Hay trabajos muy ingratos. Uno de ellos es el aseo y limpieza de un lugar. Es ingrato por dos razones: Cuando todo está limpio nadie dice nada, no hay aplausos ni alabanzas. A todo el mundo le parece de lo más normal que el piso brille y los vidrios rechinen como en un comercial de limpiador de pisos. Pero cuando hay polvo -que siempre hay- o manchas de cualquier tipo, las narices se respingan, los ceños se fruncen y salen de hasta debajo de las piedras los dedos acusadores. La otra gran ingratitud del trabajo de limpiar es que cuando uno limpia siempre es para que alguien más ensucie.

Otro trabajo muy ingrato, invento de nuestros tiempos, es el telemercadeo.

Hay domingos en que mi casa está en completo silencio, estoy en el sofá, los ojos se me cierran y rinnggg… corro a atender el teléfono para descubrir que lo urgente es cuadruplicar una tarjeta de teléfono prepago que no tengo.

En junio del año pasado empecé a recibir por lo menos una vez al mes una llamada de mi operador de televisión por cable e internet anunciándome que tenía nuevos canales para mí y nuevas velocidades de internet. Ofertas que solo un bobo podría resistir: por tres meses me daban el nuevo servicio a un precio bajo y después empezaba a pagar la tarifa regular. 

Cuando esas llamadas me caían en medio de un enredo laboral, como el cierre de la revista, yo les atendía con cara de Grumpy cat (la gata esa que tiene cara de puñete y que se ha hecho famosa en internet por ello); casi tenía ganas de decirle a la persona que no fuera necia, que acaso no sospechaba que yo estaba trabajando justo para pagarles el cable y la internet. 

Por fortuna me llegó la iluminación. Me di cuenta de que esa pobre gente de telemercadeo no tiene por qué ser maltratada. Están haciendo su trabajo. La culpa es del sistema, así que hay que tener un poquito de paciencia. Pero como me seguían llamando y mi paciencia no es infinita, decidí guardar todos los números de ese operador como “no contestar”. Lo malo es que a veces me hacen trampa y me llaman de otros números.

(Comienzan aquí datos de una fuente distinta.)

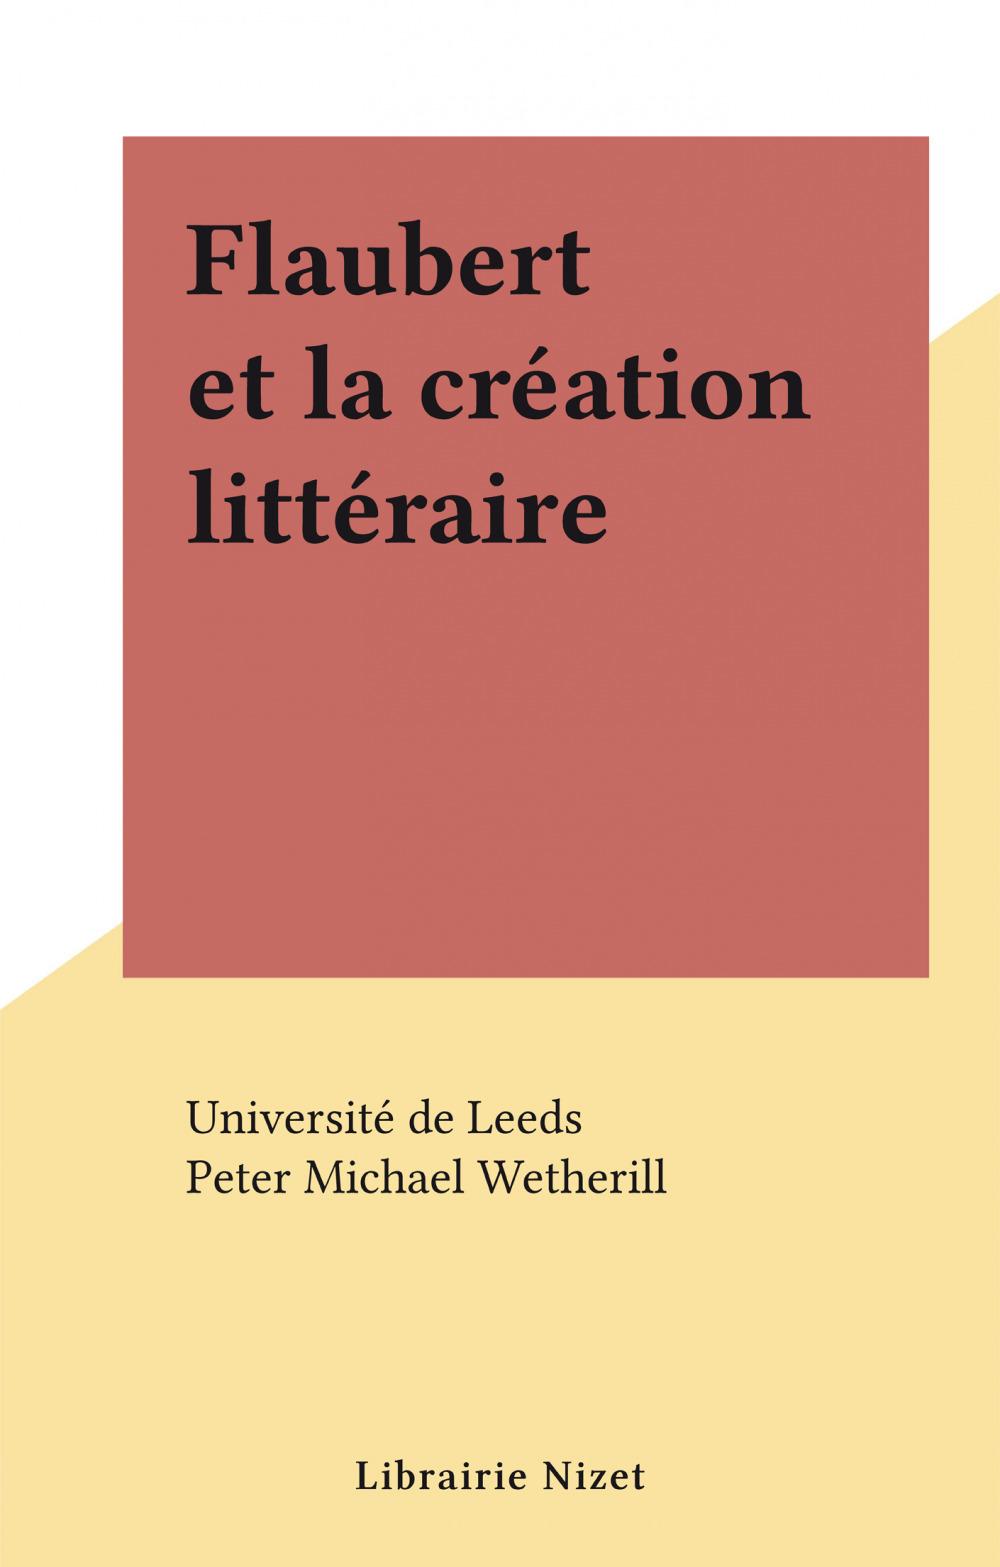 Flaubert et la création littéraire

Y hablando de otros oficios que a uno, egoísta como es, le causan a veces  molestia, les cuento que en estos días aprendí una lección. Estaba entrevistando a una socióloga en su casa. En lo más interesante de la conversación llegó  uno de esos pick-ups que venden verduras. Con altoparlantes anunciaba: “¡sí hay plátano! ¡sí hay cebolla! ¡sí hay aguacate!”, con esa voz nasal que parece aprendida en una escuela porque a todos les sale igualita. Miré a mi entrevistada, y en vez de mostrarse contrariada esta me dijo: “Vamos a hacer un alto en la entrevista y a esperar un momentito, que estos señores también tienen que ganarse la vida”.